Psoriasis is an inflammatory skin disease characterized by the hyperproliferative epidermal keratinocytes and significant immune cells infiltration, leading to cytokines production such as IL-1β, TNF-α, IL-23, and IL-17. Recent study highlights the critical role of IL-1β in the induction and activation of pathogenic Th17 and IL-17-producing γδ T cells, contributing to psoriasis. However, the mechanism underlying IL-1β dysregulation in psoriasis pathogenesis is unclear. Autophagy regulates IL-1β production and has a pleiotropic effect on inflammatory disorders. Previous studies showed controversial role of autophagy in psoriasis pathogenesis, either pro-inflammatory in autophagy-deficient keratinocyte or anti-inflammatory in pharmacologically autophagy-promoting macrophages. Thus, the direct role of autophagy and its therapeutic potential in psoriasis remains unclear. We used myeloid cell-specific autophagy-related gene 7 (Atg7)-deficient mice and determined the effect of autophagy deficiency in myeloid cells on neutrophilia and disease pathogenesis in an imiquimod-induced psoriasis mouse model. We then assessed the pathogenic mechanism focusing on immune cells producing IL-1β and IL-17 along with gene expression profiles associated with psoriasis in mouse model and public database on patients. Moreover, therapeutic potential of IL-1β blocking in such context was assessed. We found that autophagy deficiency in myeloid cells exacerbated neutrophilic inflammation and disease pathogenesis in mice with psoriasis. This autophagy-dependent effect was associated with a significant increase in IL-1β production from myeloid cells, particularly macrophages, Cxcl2 expression, and IL-17 A producing T cells including γδ T cells. Supporting this, treatment with systemic IL-1 receptor blocking antibody or topical saccharin, a disaccharide suppressing pro-IL-1β expression, led to the alleviation of neutrophilia and psoriatic skin inflammation linked to autophagy deficiency. The pathophysiological relevance of this finding was supported by dysregulation of autophagy-related genes and their correlation with Th17 cytokines in psoriatic skin lesion from patients with psoriasis. Our results suggest that autophagy dysfunction in myeloid cells, especially macrophages, along with IL-1β dysregulation has a causal role in neutrophilic inflammation and psoriasis pathogenesis.

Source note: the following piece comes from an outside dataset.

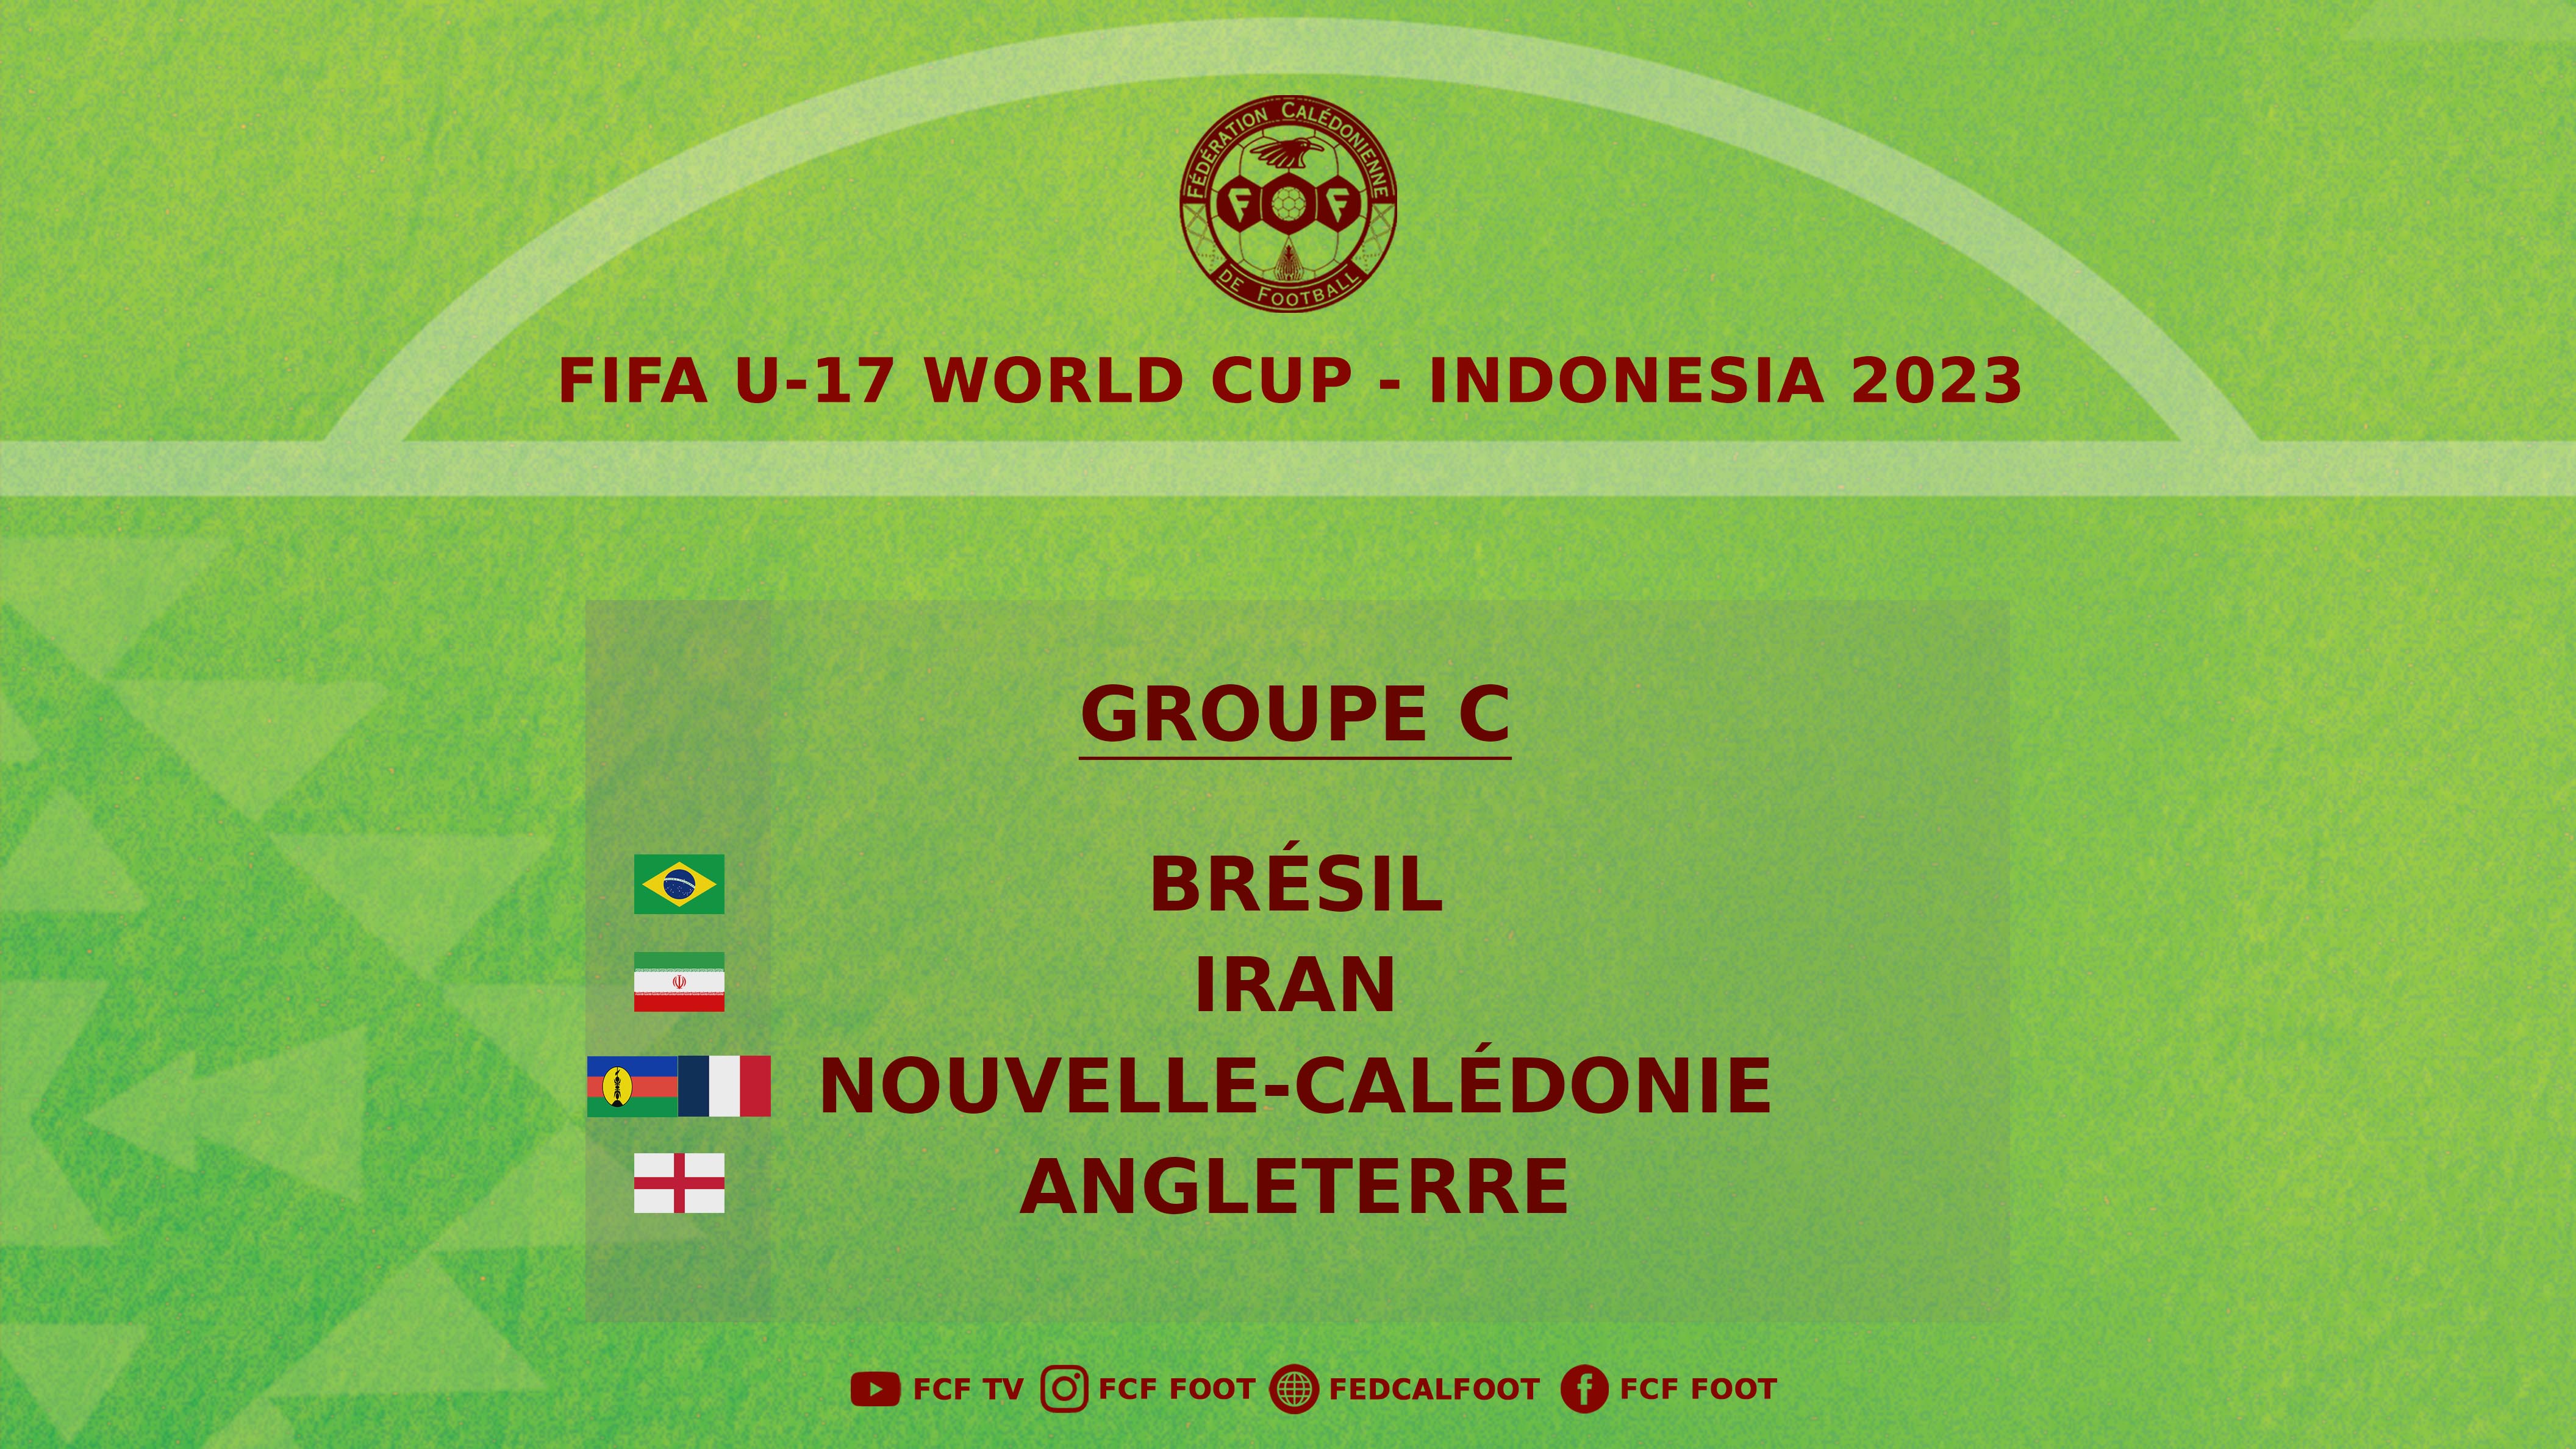 La CALEDONIE face au BRESIL, l'IRAN, et l'ANGLETERRE | COUPE DU MONDE U17 de la FIFA - Indonésie 2023 | Tirage des Groupes

髓系细胞自噬功能受损会通过 IL-1β/CXCL2/ 中性粒细胞轴加重牛皮癣样皮肤炎症
银屑病是一种炎症性皮肤病,其特点是表皮角质细胞过度增生和大量免疫细胞浸润,导致 IL-1β、TNF-α、IL-23 和 IL-17 等细胞因子的产生。最近的研究强调,IL-1β 在诱导和激活致病性 Th17 和产生 IL-17 的 γδ T 细胞中起着关键作用,从而导致银屑病。然而,IL-1β在银屑病发病机制中失调的机制尚不清楚。自噬可调节IL-1β的产生,并对炎症性疾病有多重影响。先前的研究表明,自噬在银屑病发病机制中的作用存在争议,自噬缺陷的角质形成细胞具有促炎作用,而药物自噬促进的巨噬细胞则具有抗炎作用。因此,自噬在银屑病中的直接作用及其治疗潜力仍不清楚。我们利用髓系细胞特异性自噬相关基因 7(Atg7)缺陷小鼠,在咪喹莫特诱导的银屑病小鼠模型中测定了髓系细胞自噬缺陷对中性粒细胞增多和疾病发病机制的影响。然后,我们评估了致病机制,重点是产生 IL-1β 和 IL-17 的免疫细胞,以及小鼠模型和患者公共数据库中与银屑病相关的基因表达谱。此外,还评估了在这种情况下阻断 IL-1β 的治疗潜力。我们发现,髓系细胞中自噬功能的缺乏会加剧银屑病小鼠的中性粒细胞炎症和疾病发病机制。这种自噬依赖效应与髓系细胞(尤其是巨噬细胞)产生的IL-1β显著增加、Cxcl2表达以及包括γδT细胞在内的产生IL-17 A的T细胞有关。为此,全身使用 IL-1 受体阻断抗体或局部使用糖精(一种抑制促 IL-1β 表达的双糖)治疗后,与自噬缺陷有关的中性粒细胞增多和银屑病皮肤炎症得到了缓解。银屑病患者银屑病皮损中自噬相关基因的失调及其与 Th17 细胞因子的相关性支持了这一发现的病理生理学意义。我们的研究结果表明,髓系细胞(尤其是巨噬细胞)的自噬功能障碍以及IL-1β失调在中性粒细胞炎症和银屑病发病机制中起着因果作用。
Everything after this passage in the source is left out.